Raw data
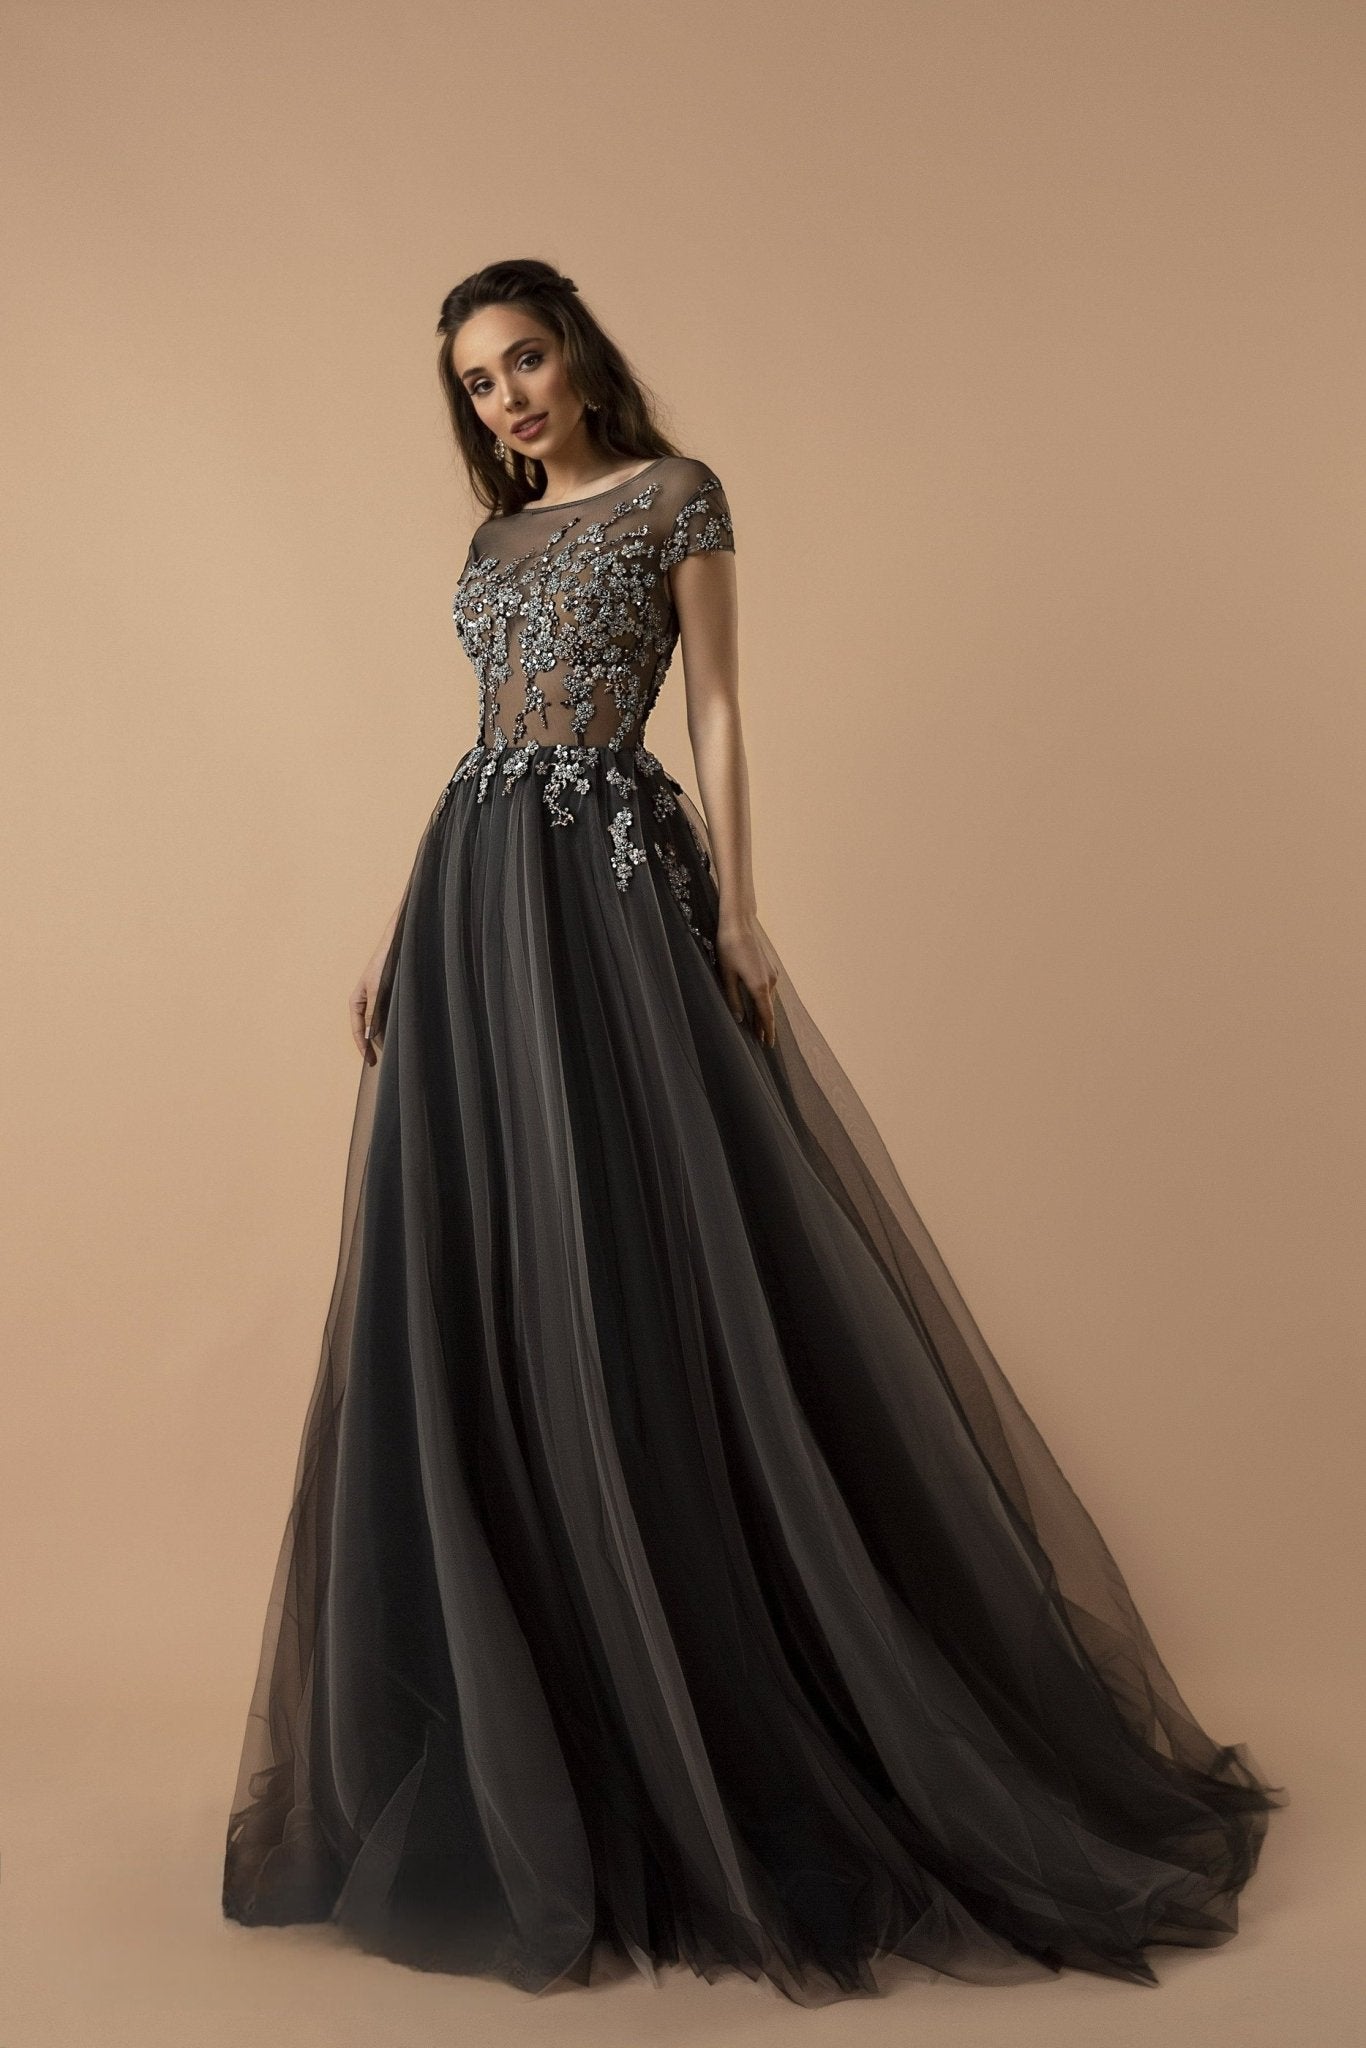 Gothic Black And Silver Charcoal Sequins A-Line Gown -Tulle Beaded Wedding Dress Plus Size - WonderlandByLilian
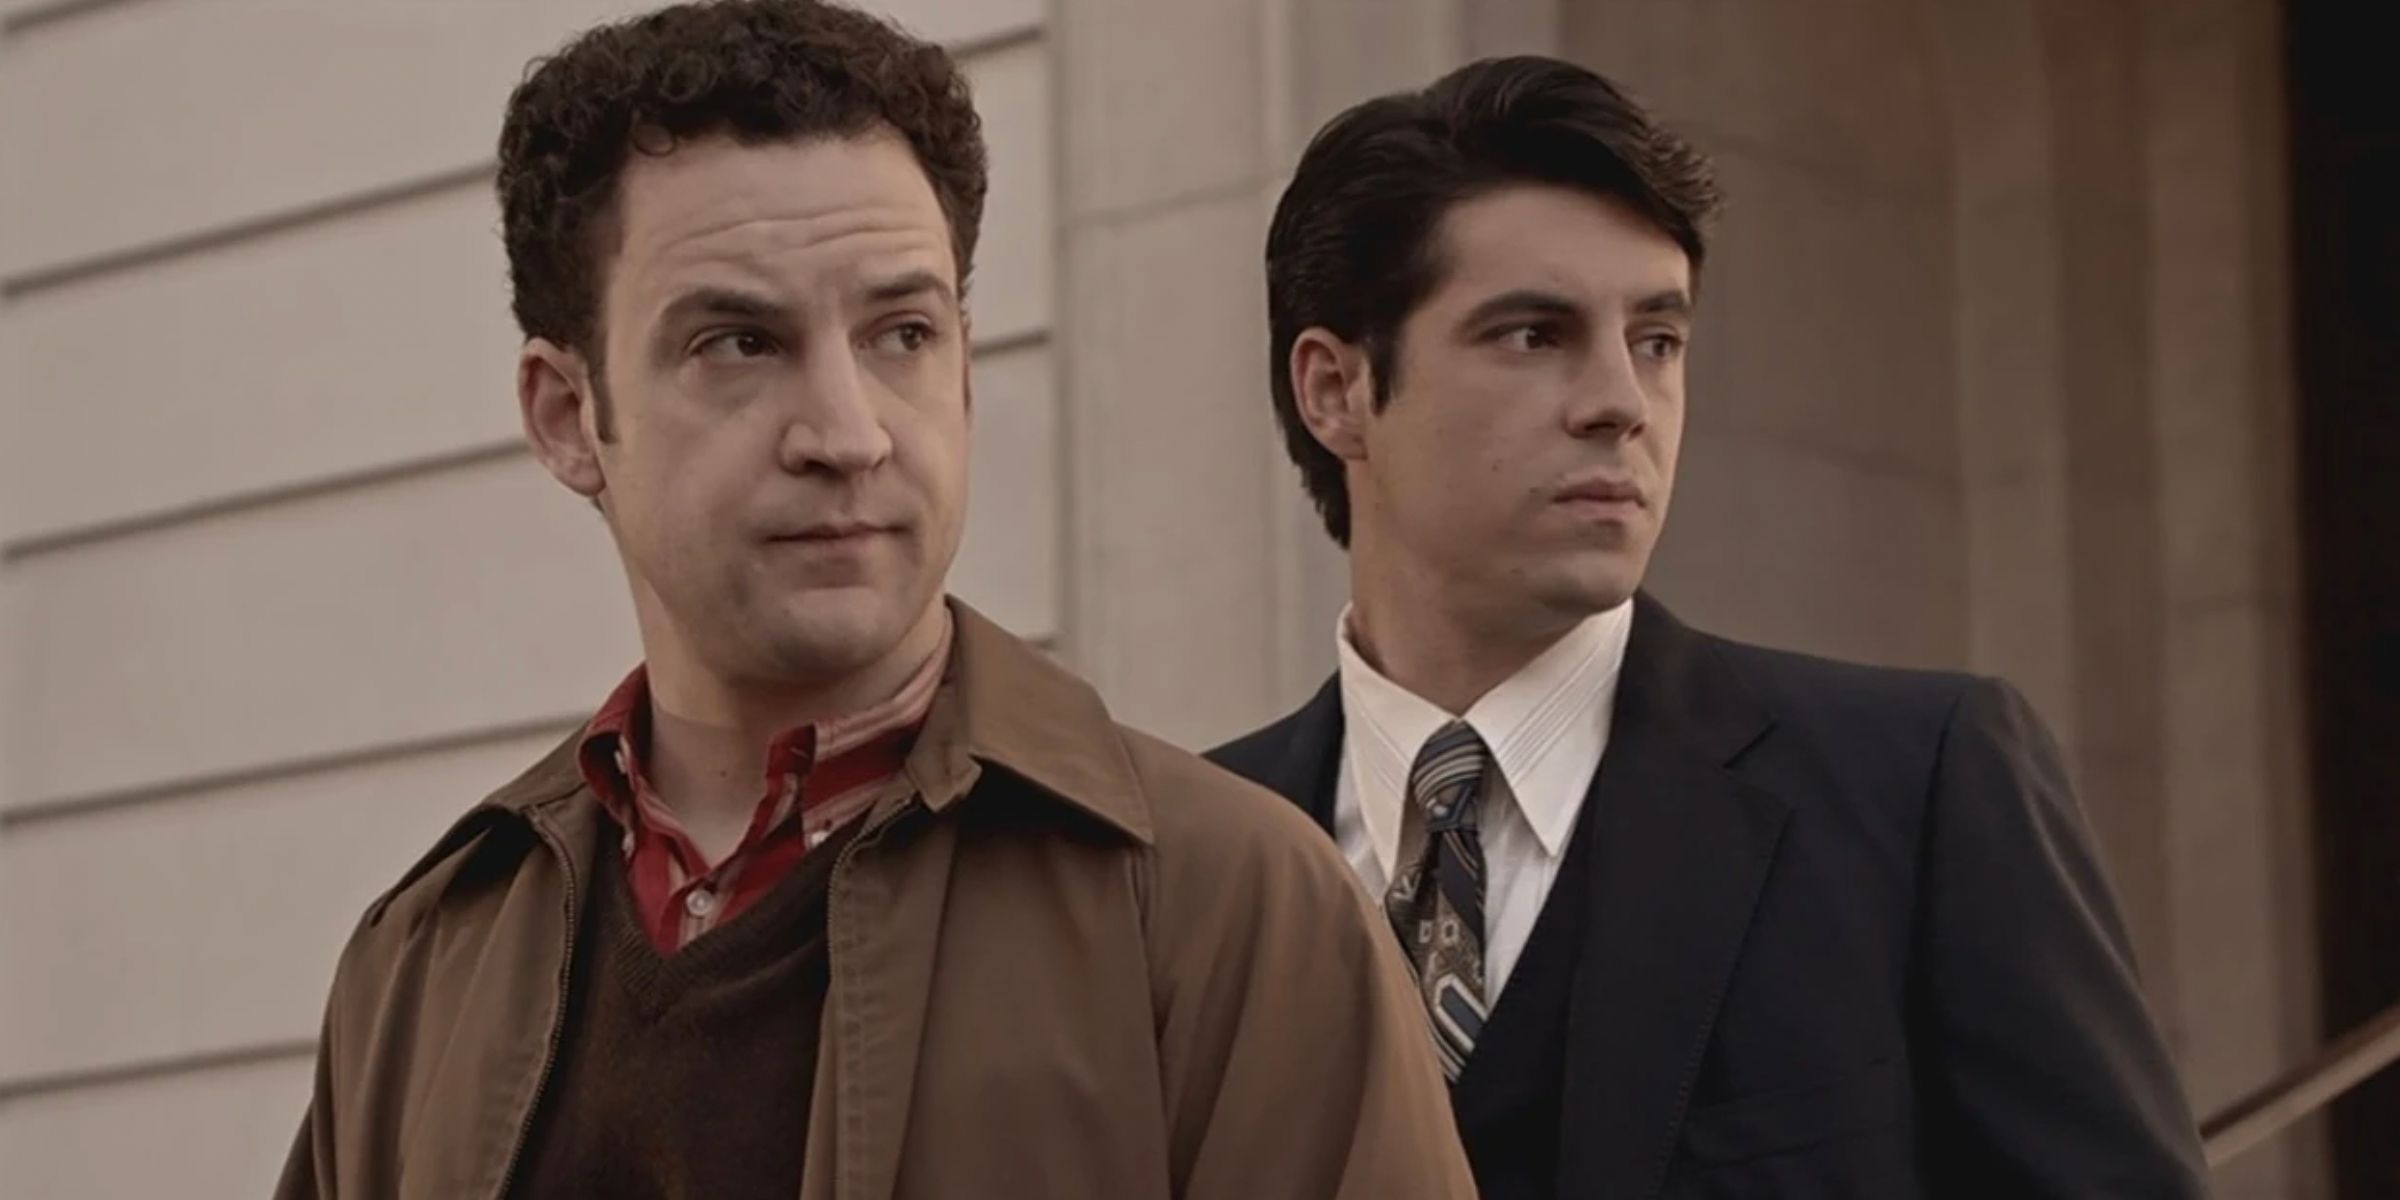 A young Jason Gideon and David Rossi in a Criminal Minds flashback
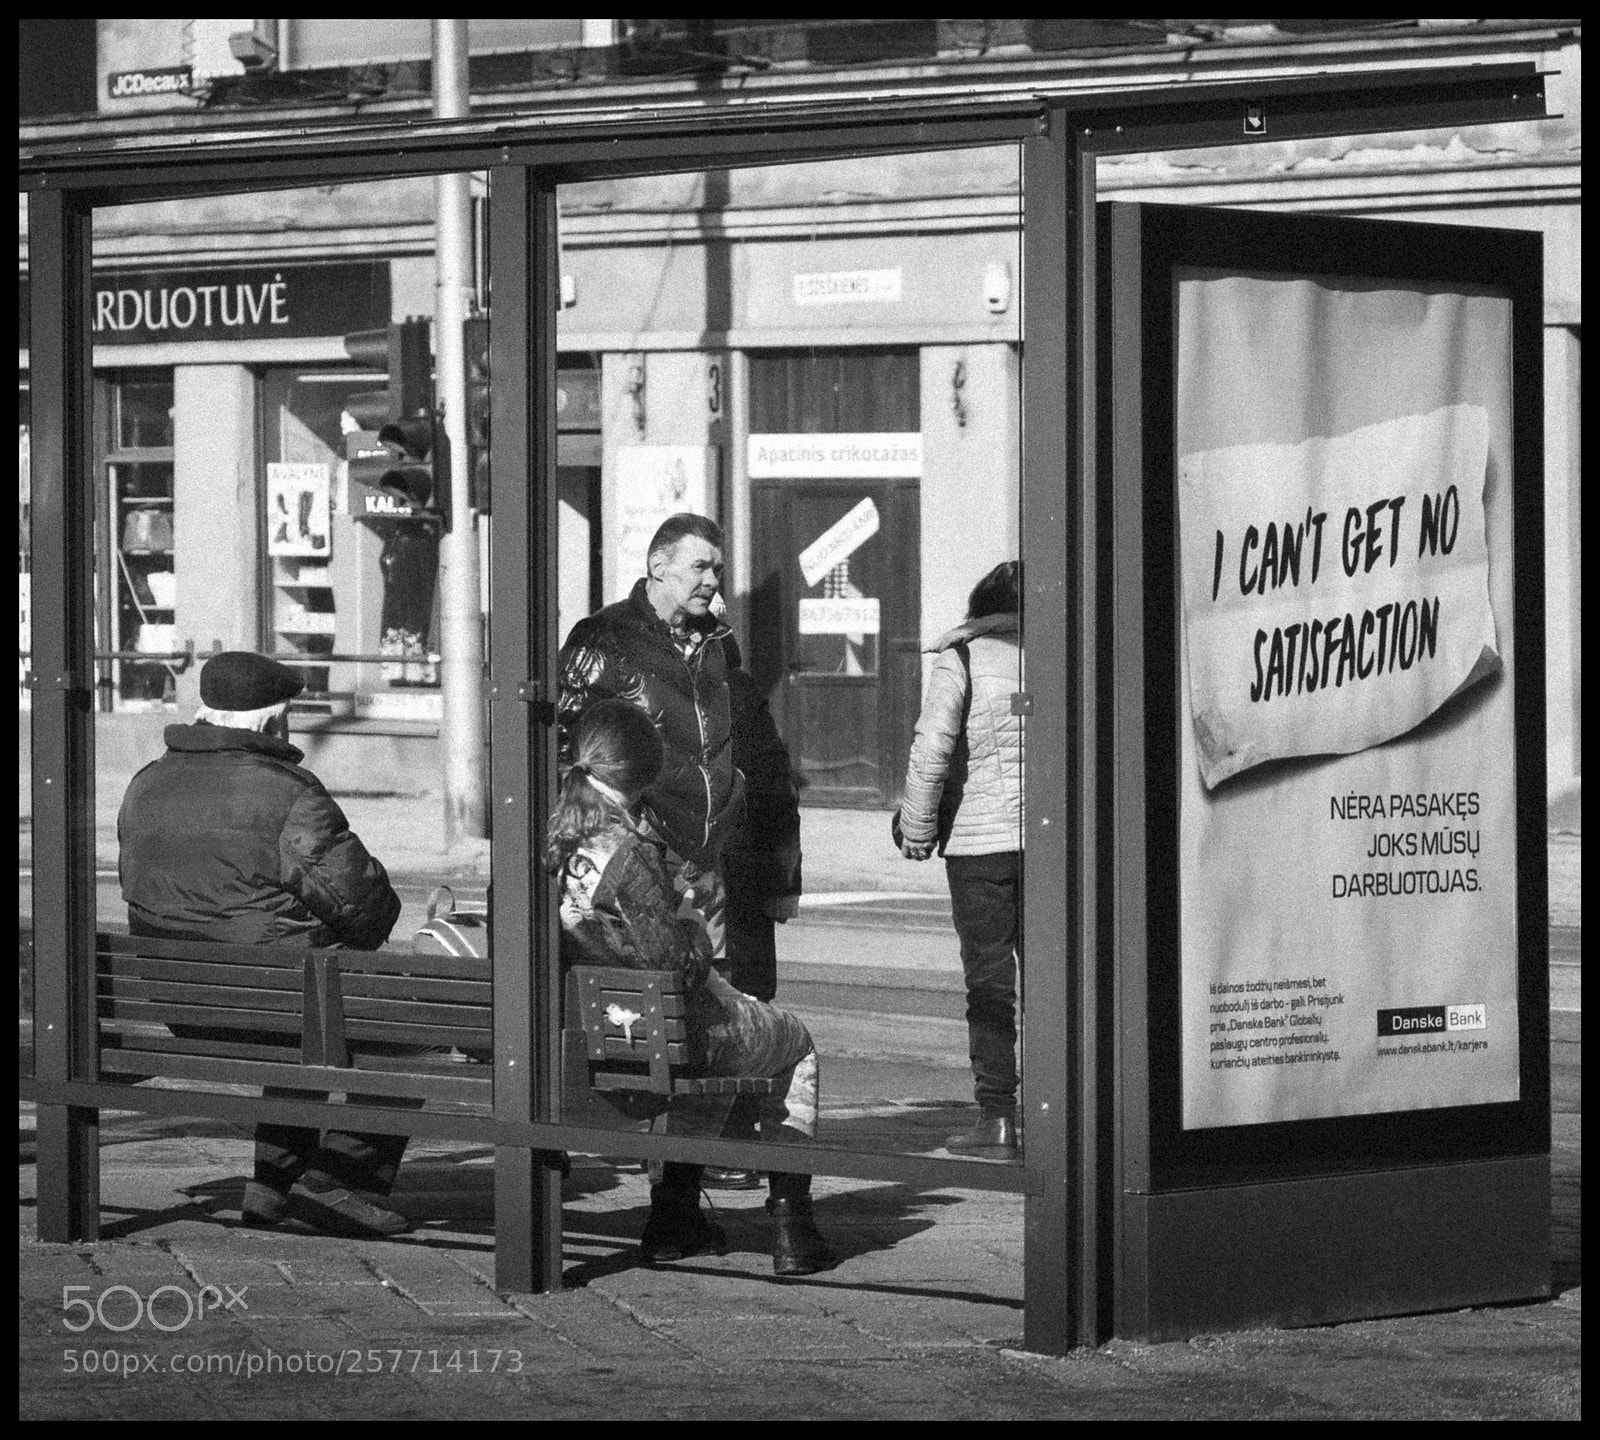 Sony a99 II sample photo. Bus stop philosopher photography

What to work on
Please retype the data exactly as it appears, but without any of its pictures.

Task solution
 Gothic Black And Silver Charcoal Sequins A-Line Gown -Tulle Beaded Wedding Dress Plus Size - WonderlandByLilian
 A young Jason Gideon and David Rossi in a Criminal Minds flashback
 Sony a99 II sample photo. Bus stop philosopher photography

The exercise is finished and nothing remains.